Outra passagem interessante aos bastidores da fase embrionária do Tropicalia é de quando Caetano precisou trancar Tom Zé para que ele ouvisse o SGT Pepper. Tal medida se fez necessária pela resistência do Tom Zé em ouvir coisas diferentes e, logo após a audição, foram conferir a peça de teatro O Rei da Vela, do mestre Oswald de Andrade. Por essas e outras, a coisa foi curando da melhor forma para um resultado final positivo, não há cabeça que saia impune de tanta grandiosidade em referência criativa.


Terra em Transe, de Glauber Rocha e O Rei da Vela, de Oswald de Andrade, tiveram papéis cruciais ao que seria a possibilidade de uma alegoria do cenário brasileiro e, talvez, tais veículos tenham ajudado, muito motivando ao grande elenco do disco Tropicalia na busca daquilo que viriam, finalmente, dizer.


Citar toda influência e movimentação criativa do Tropicalia é tarefa impossível. Só de encarar aquele time de artistas na capa do disco, podemos notar toda bagagem e inquietude estampadas neles próprios. É complexo antes mesmo de abordar seu tempo, os problemas do povo, as crises e desencontros. Como já compreendido e plenamente palpável, há uma cadeia de acontecimentos artísticos que alimentaram aquele movimento e, ao meu ver, continuam por alimentar o Tropicalia, por, afinal de contas, o considerar atemporal.


O Tropicalismo, em sua amplitude, tem um apelo estético muito forte, de mistura excêntrica. Tudo está muito bem representado na capa do disco, assinada por Rubens Gerchman, tendo, como partida, uma foto de Olivier Perroy. O cromatismo apoia bengala em verde e amarelo e a foto traz menções para com Oswald de Andrade, ao modernismo da década de 20, aos dadaístas e tudo aquilo que os olhos possam notar além. Afinal, eis o maior elemento, a maior riqueza da arte, sua subjetividade.


Não há nada assentado à concepção do Tropicalia e seria um crime limitar esse patrimônio nacional à algum conceito que se limite por si.
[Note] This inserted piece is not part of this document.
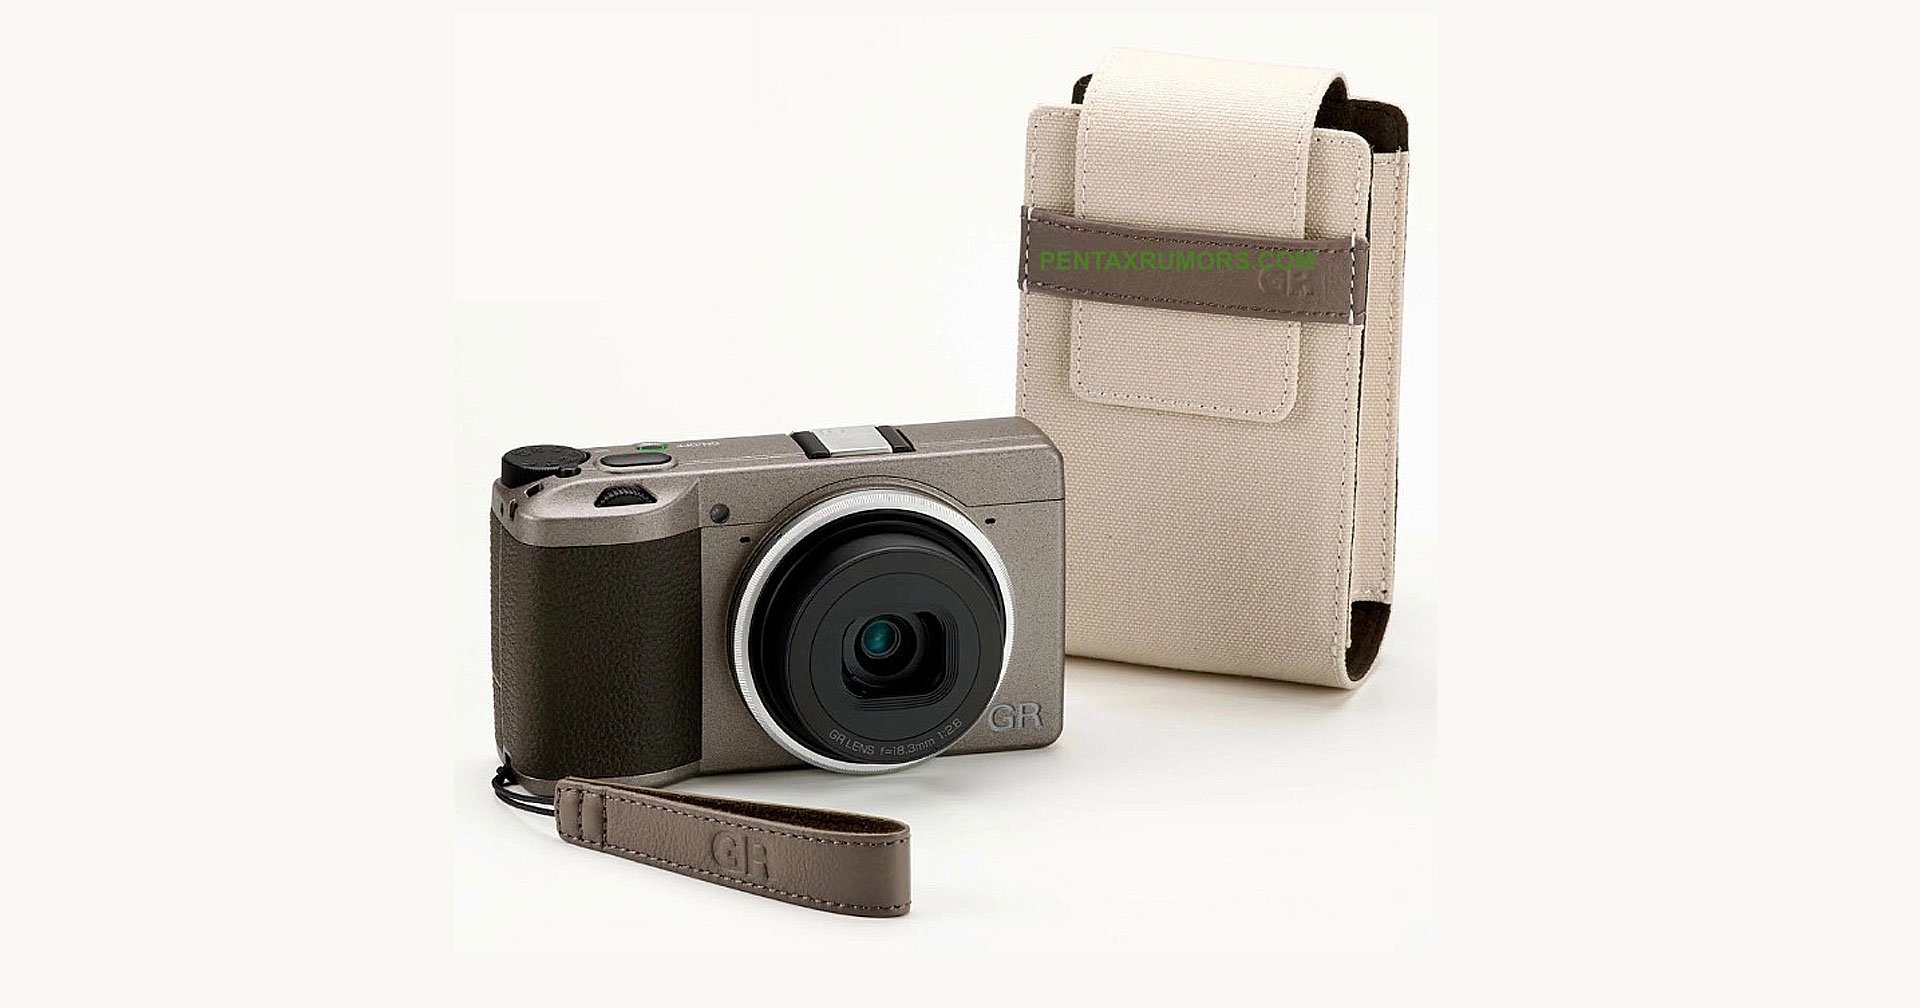 Ricoh เตรียมเปิดตัวกล้อง GR III ‘Diary’ Limited Edition ที่มีเพียง 2000 ตัวทั่วโลก

Prefiro sempre conceber a idéia de que é um movimento inquieto, democrático em idéias, imã das mais variadas manifestações artísticas, uma verdadeira simbiose que vai além de qualquer tipo de conceito, ao ponto de ser mais viável, se for pra rotular, como um conceito por si, o conceito do Tropicalia, do coletivo, da liberdade artística, da mistura de tudo e de todos.